BEGIN INFORMATION SHOWN

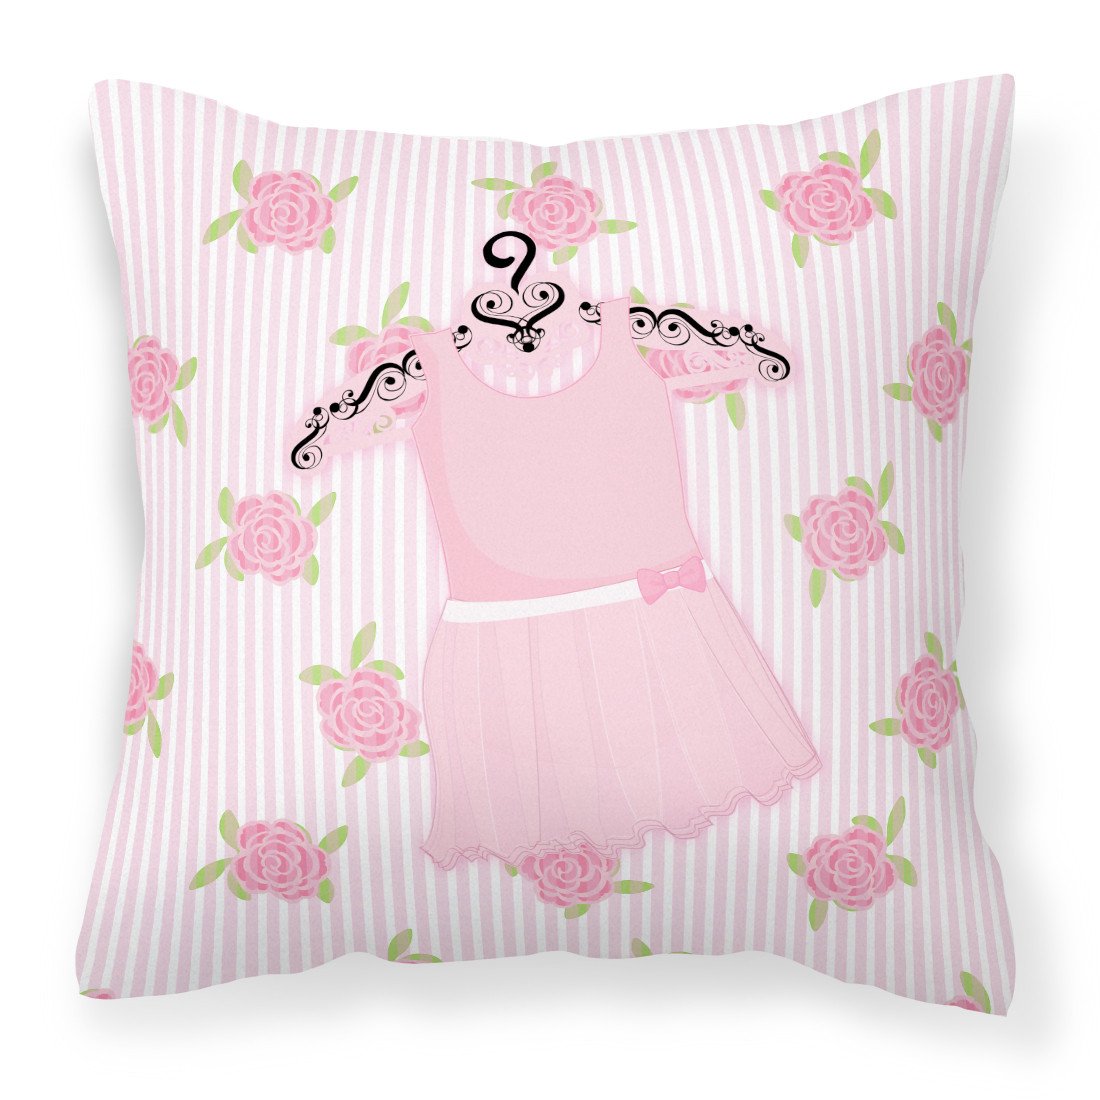 Ballerina Ballet Attire Fabric Decorative Pillow BB5158PW1818 by Caroline's Treasures
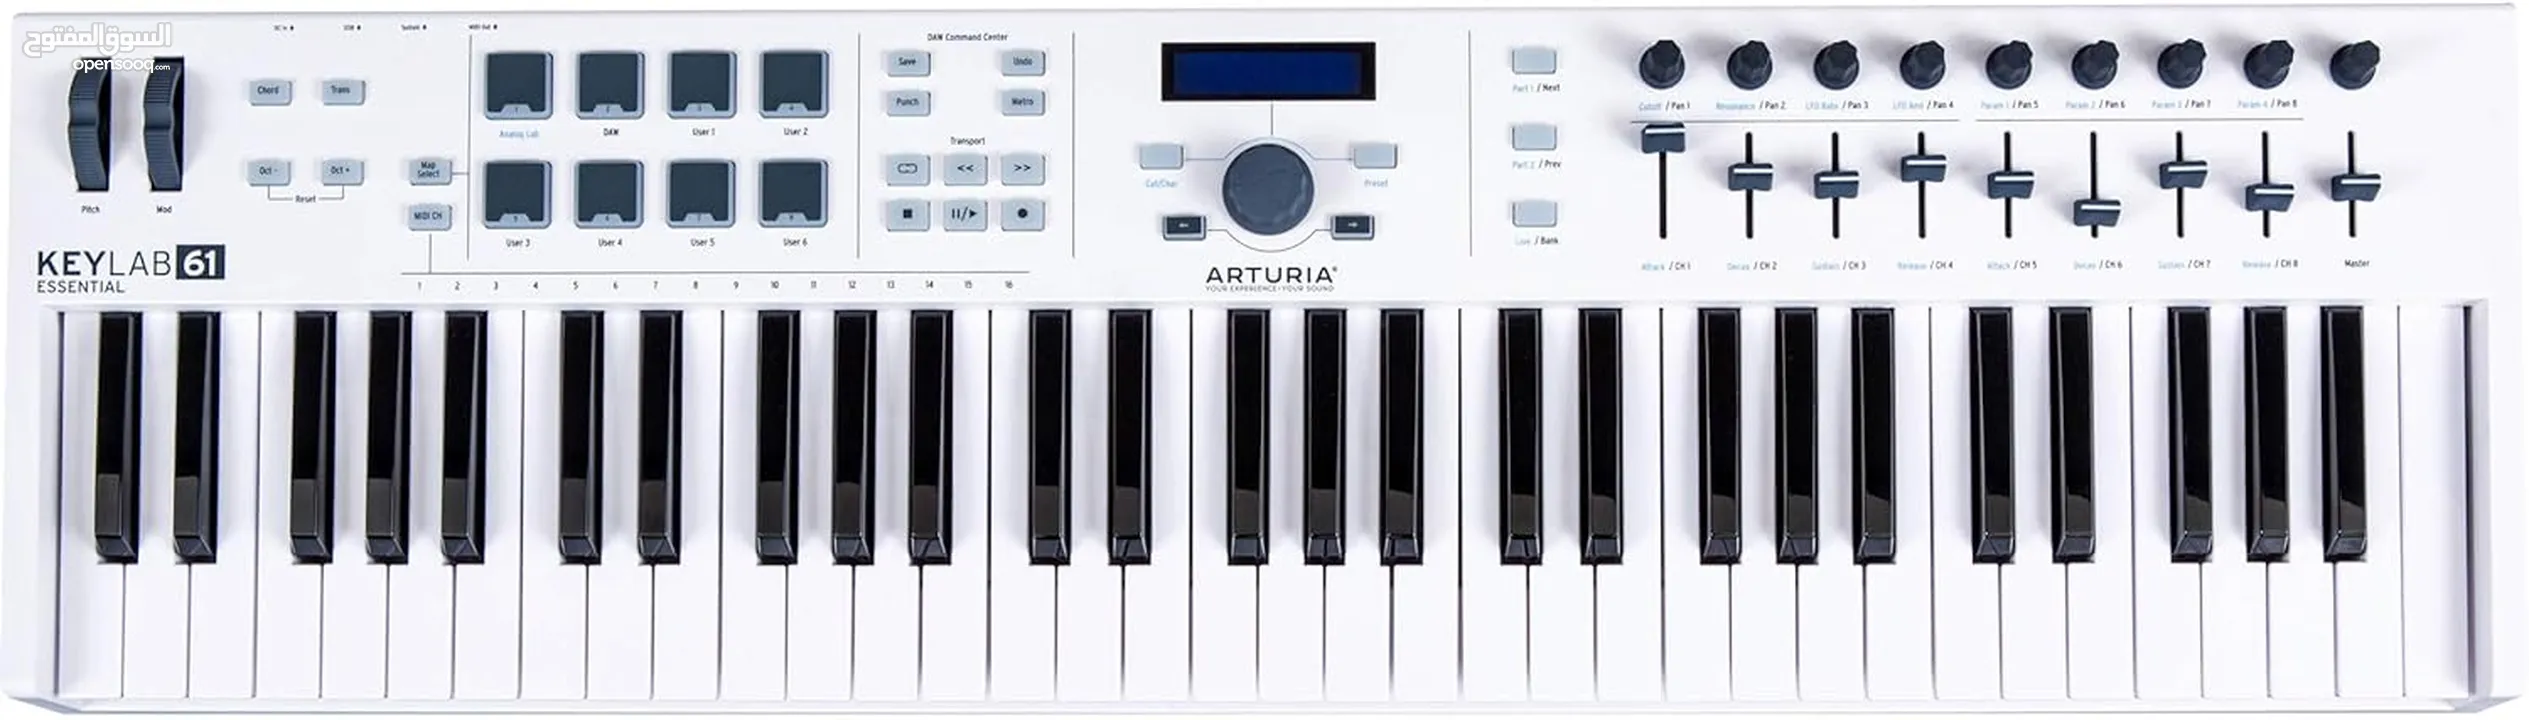 Arturia - Native Instruments Midi Keyboard
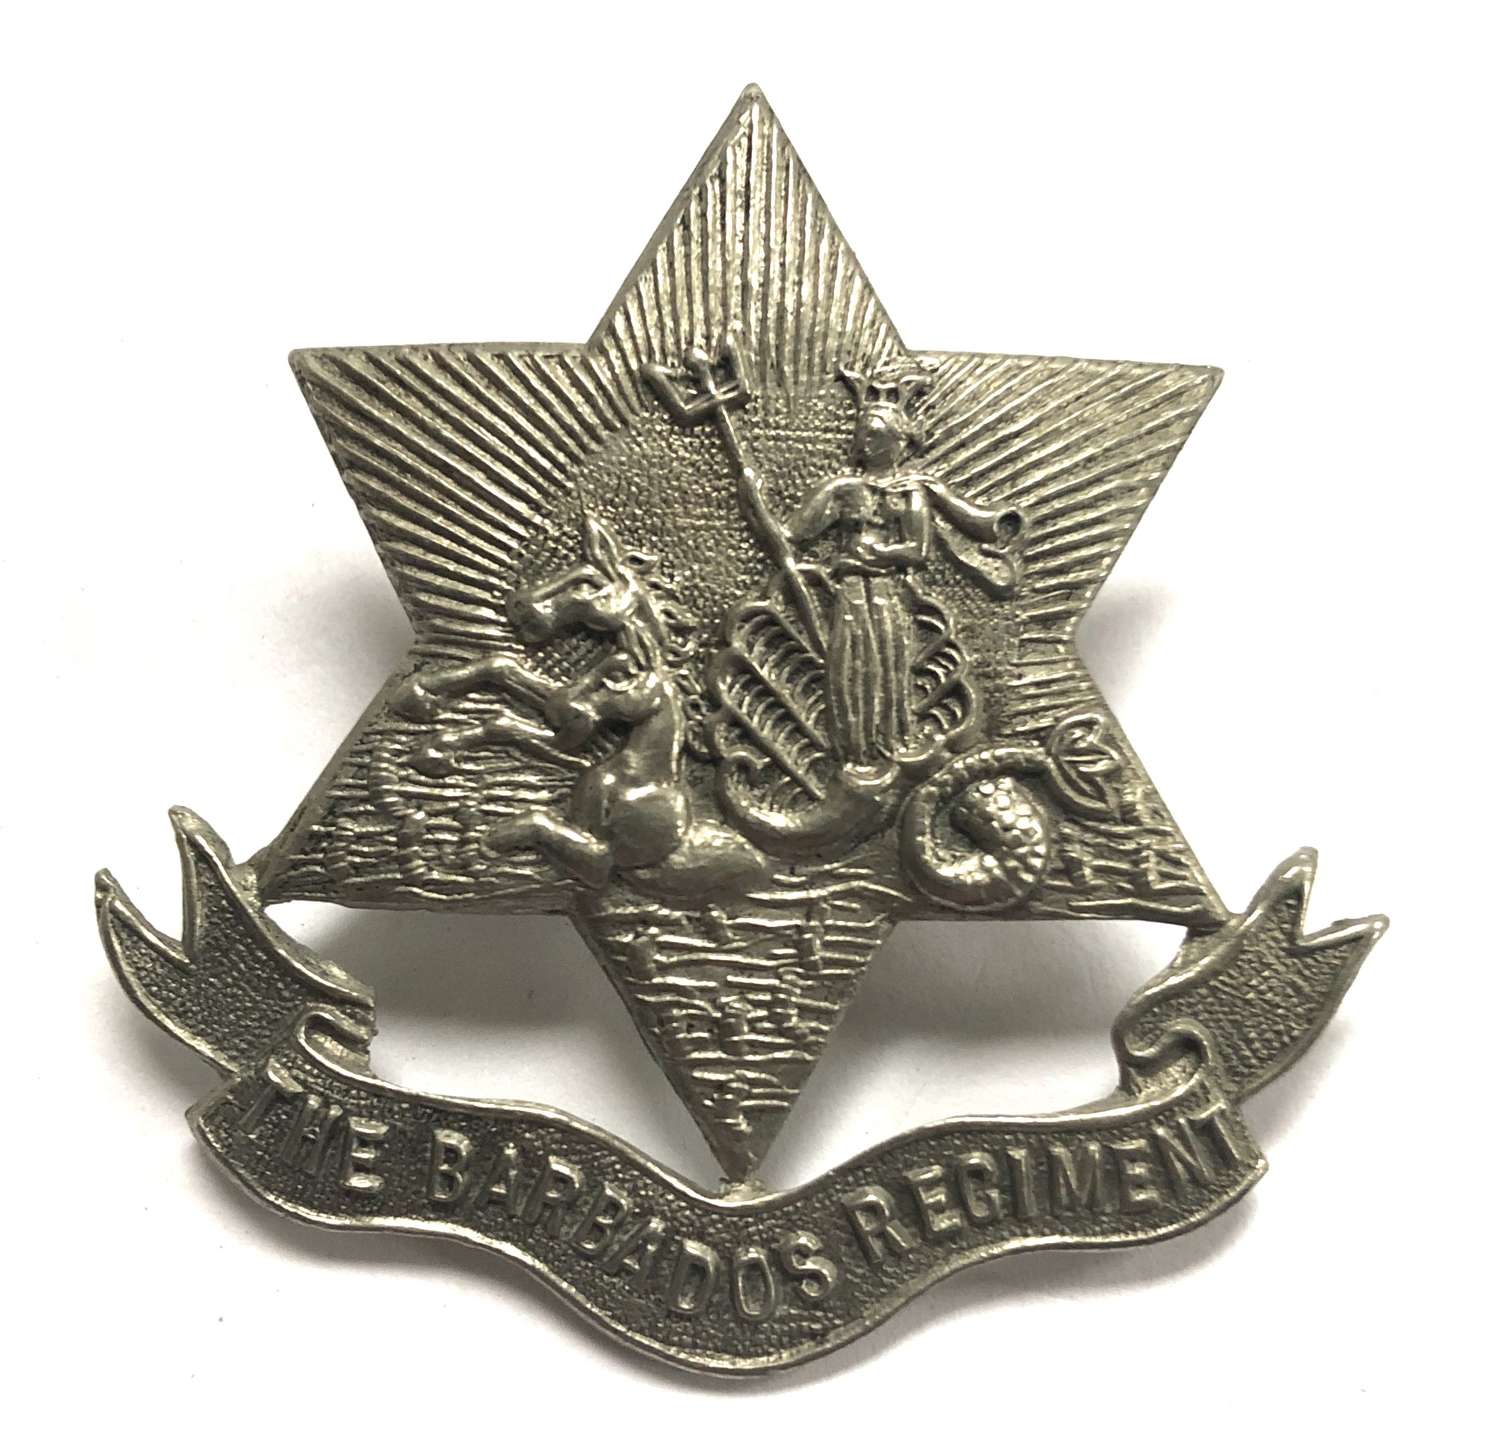 Barbados Regiment post 1948 OR’s badge

END INFORMATION SHOWN

# WORK TO COMPLETE:
Where an image appears in the data, skip it, and return the rest verbatim.

# TASK RESPONSE:
 Ballerina Ballet Attire Fabric Decorative Pillow BB5158PW1818 by Caroline's Treasures
 Arturia - Native Instruments Midi Keyboard
 Barbados Regiment post 1948 OR’s badge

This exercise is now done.